Manson has always used women to maintain his reputation. When a male journalist once asked him whether he preferred cake or sodomy – Cake and Sodomy is an infamous Manson composition – he replied: “I'd have to say sodomy. It takes a strong woman to bear the burden of ass-fucking and I respect any girl that does and I buy her a lot of jewellery. I kick the ones that don't out of my house.” (Given that Pogo's writ specifies that the 1930s seven-carat round-cut diamond engagement ring Manson bought von Teese cost USD150,000, one wonders at her genius in that department.)

Sodomy is, it seems, a fixation of his. Jenna Jameson wrote not only of Manson's near-suicidal appetite for cocaine and pills, but of his fevered attempts to mount her a l'Anglaise (“Every time we were naked, he'd be going for my butt like a rat to cheese”).

Which brings us back to Wood. I ask if he can imagine fathering a child with her.

“Not anytime soon ,” he giggles, “but I believe so. We would both be good parents despite what other people might think.”

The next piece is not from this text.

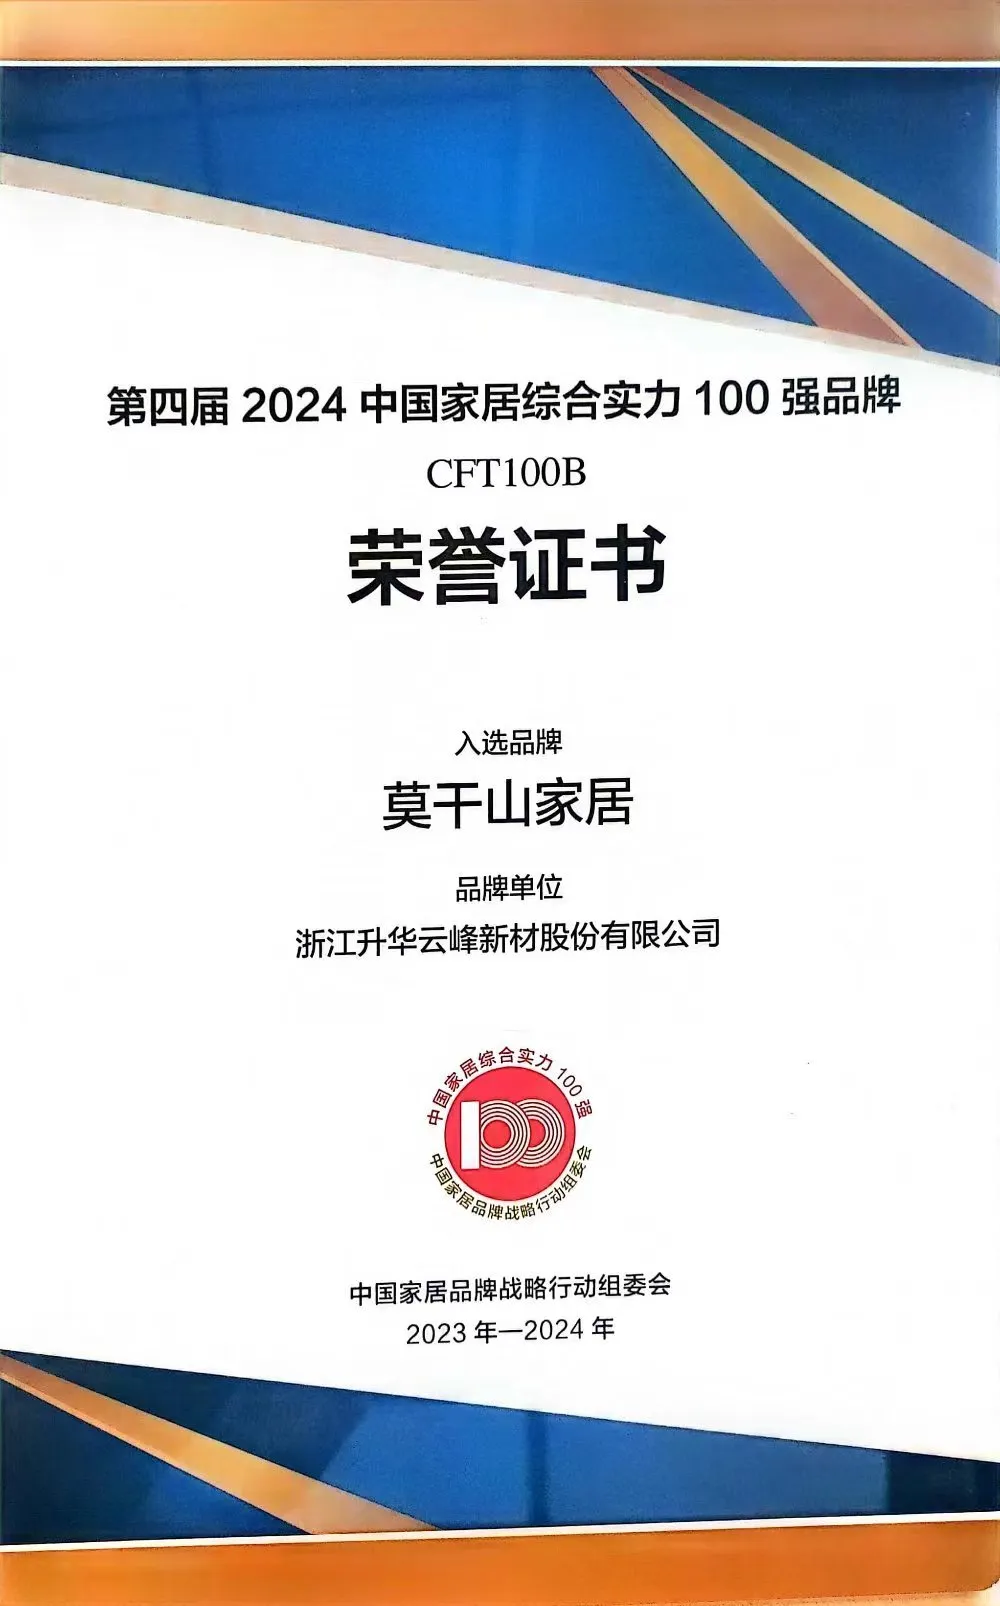 4月22日，莫干山家居被中国家居品牌战略行动组委会评选为“2024中国家居综合实力100强品牌”

I imagine a baby in Manson's unheated mansion, his cot somewhere to the left of the mounted baboon heads and a floor or so below the skeleton of a 17th century man in a wheelchair, watching his black-lipsticked father extemporise in a cocaine frenzy and smashing windows when the mood took him. I imagine his grandparents – the Vietnam vet, the doped psychotic – popping in for scones and tea, Gottfried Helnwein painting his christening portrait, and his mother having a lot of trouble sitting down. I stop imagining.